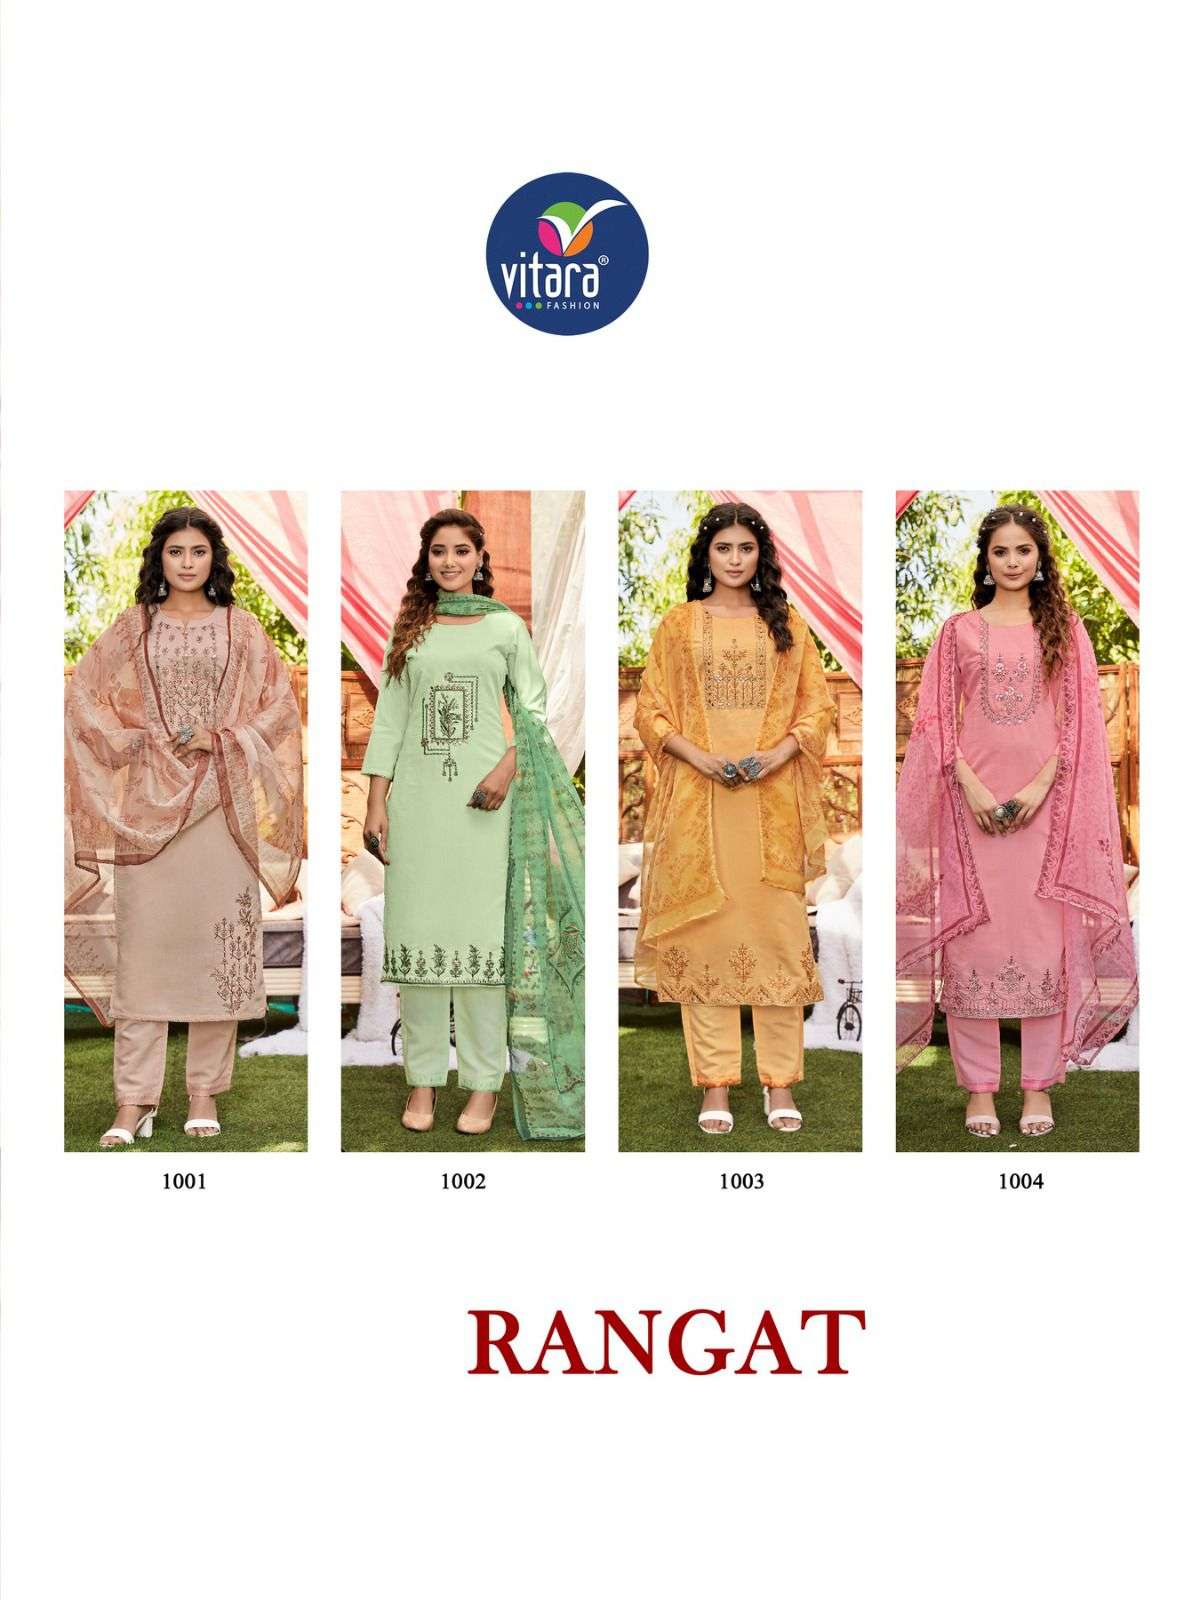 Vitara Rangat collection 1
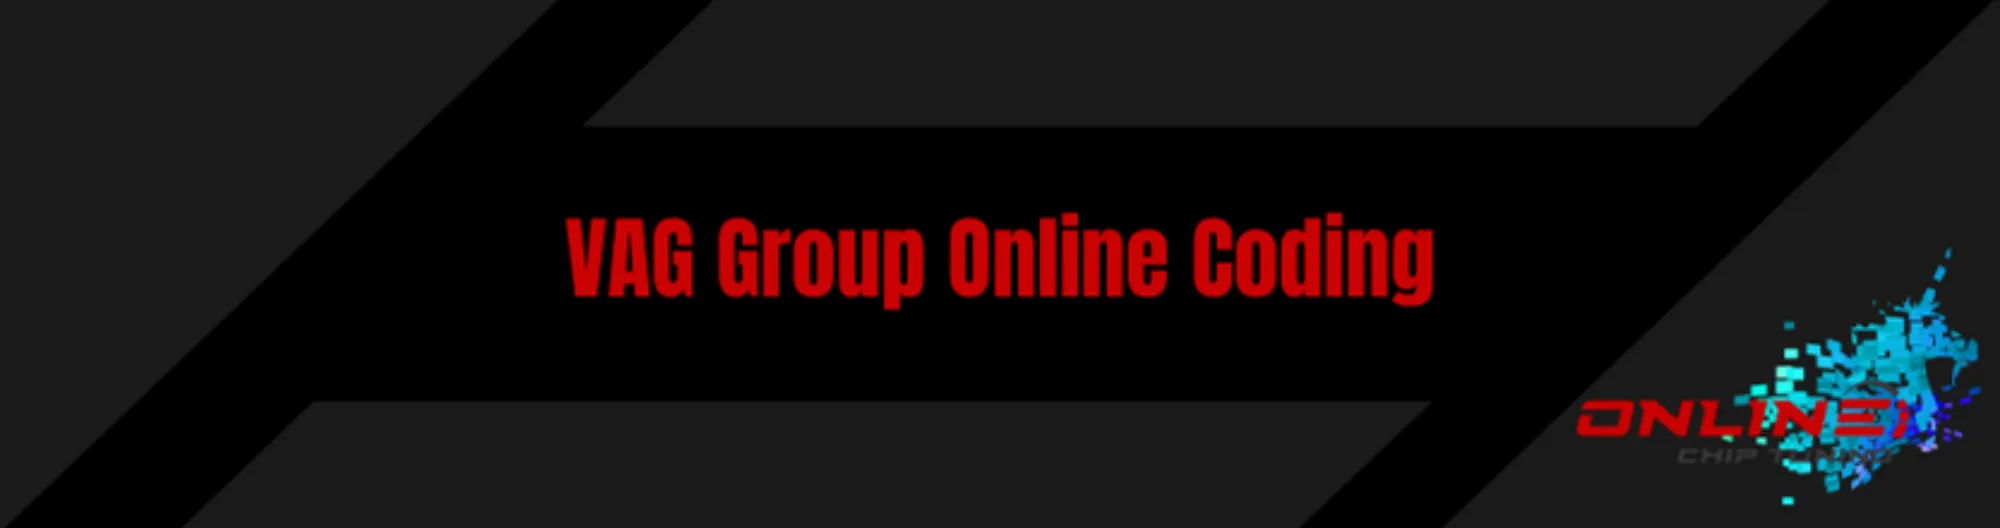 VAG Group Online Coding
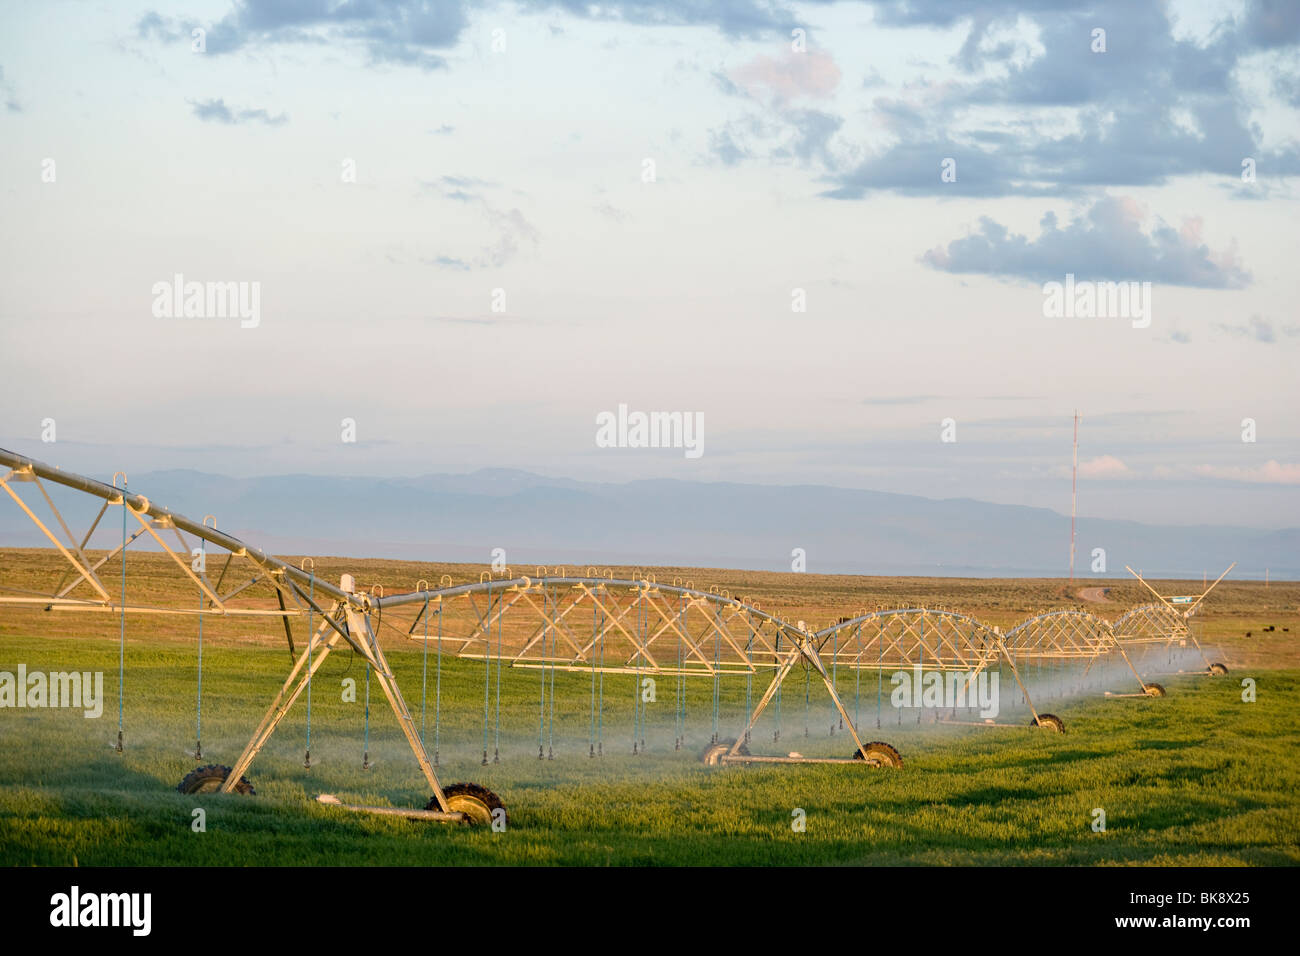 USA, Colorado, farm watering system Stock Photo
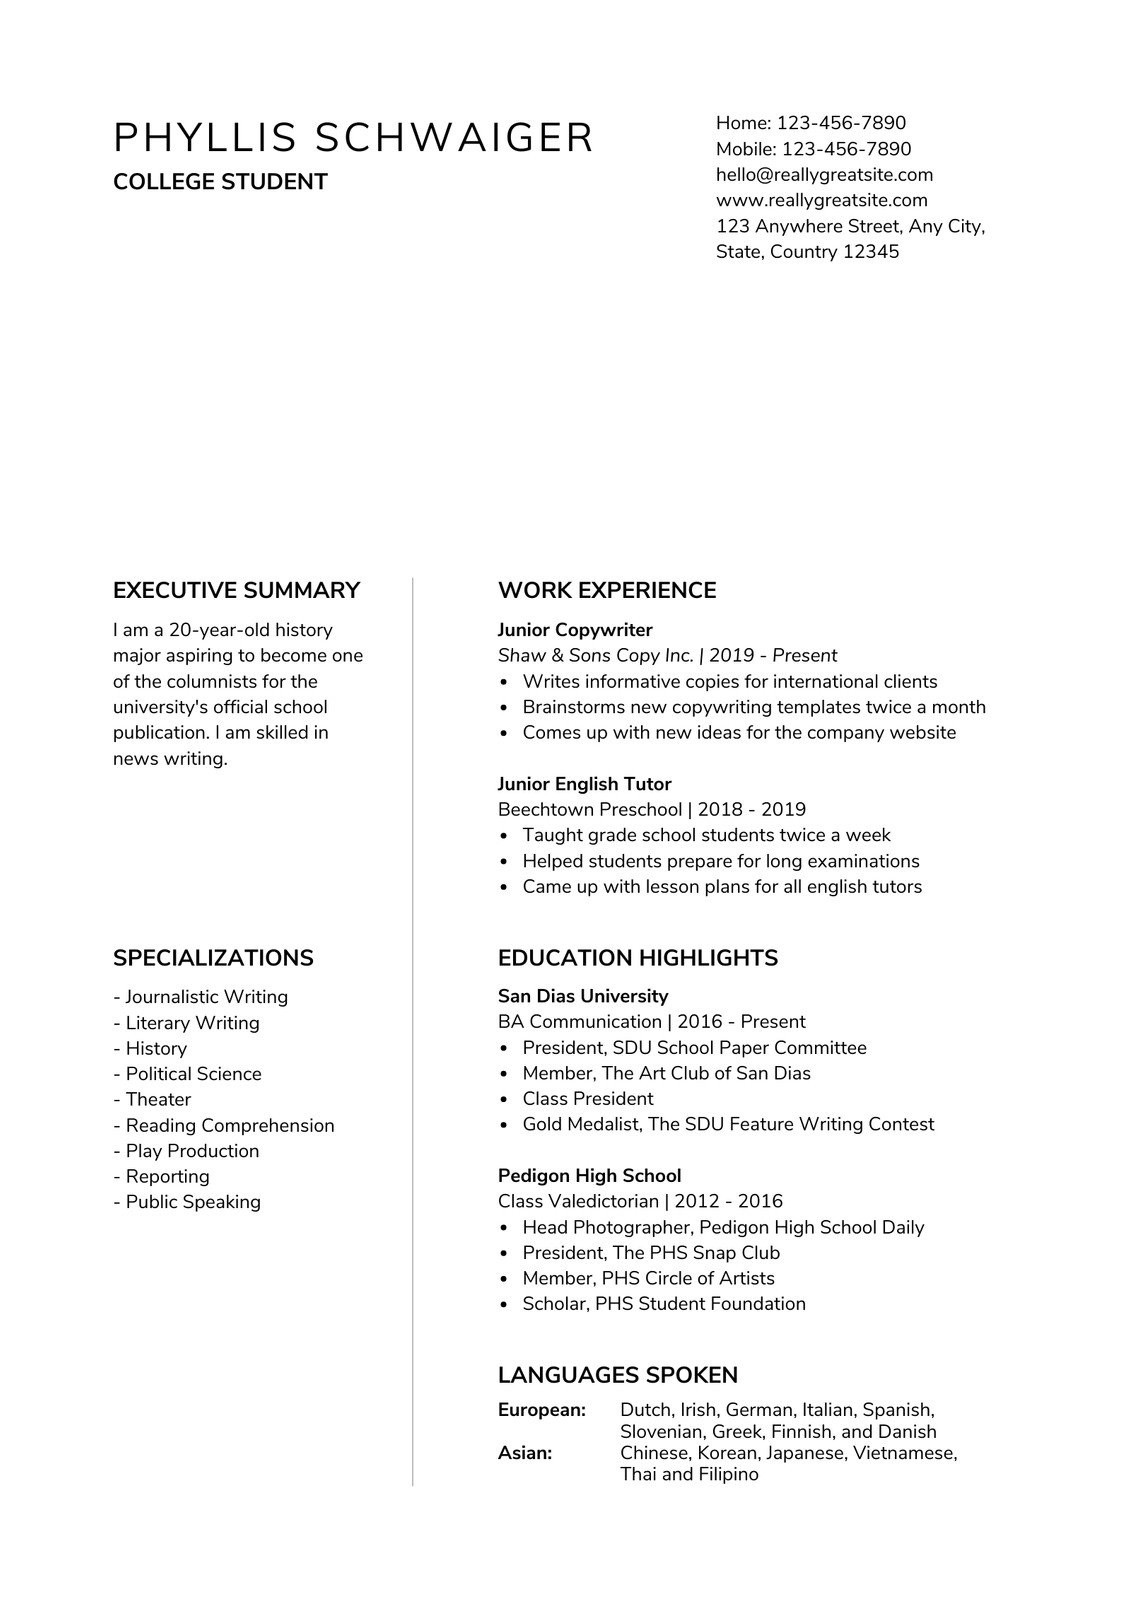 Resume Template Examples for College Students 35lancarrezekiq Free Printable, Customizable College Resume Templates Canva
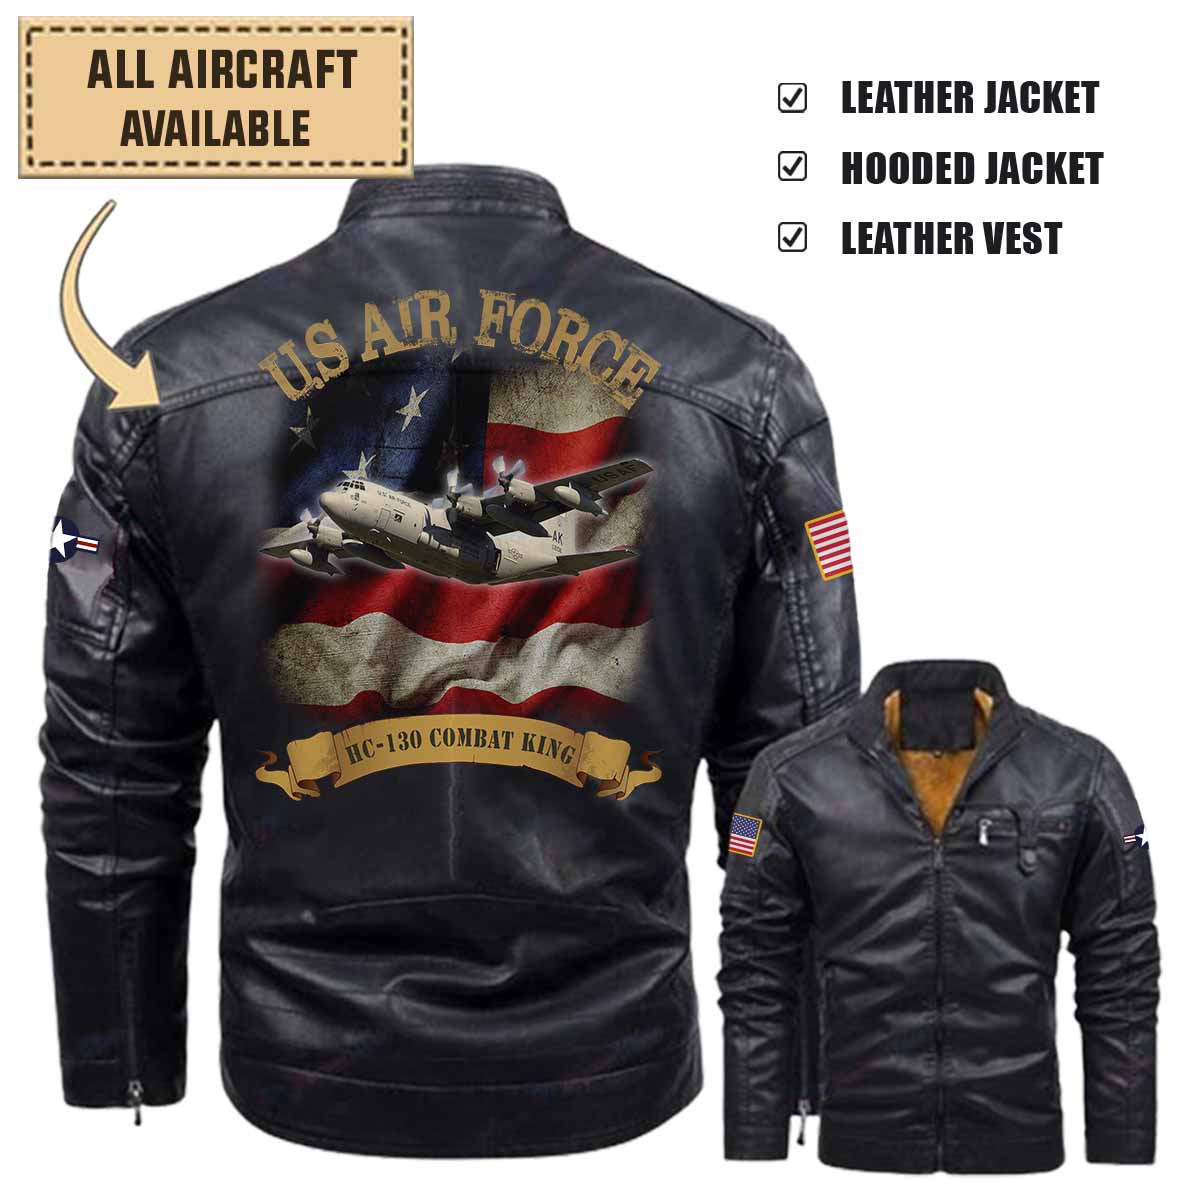 hc 130 combat king hc130 usafaircraft leather jacket and vest sa54s

+++++

-- Work instruction --
An exact copy of the listing is needed, minus its pictures.

-- Reply --
 Vitara Rangat collection 1
 VAG Group Online Coding
 USA, Colorado, farm watering system Stock Photo
 Resume Template Examples for College Students 35lancarrezekiq Free Printable, Customizable College Resume Templates Canva
 hc 130 combat king hc130 usafaircraft leather jacket and vest sa54s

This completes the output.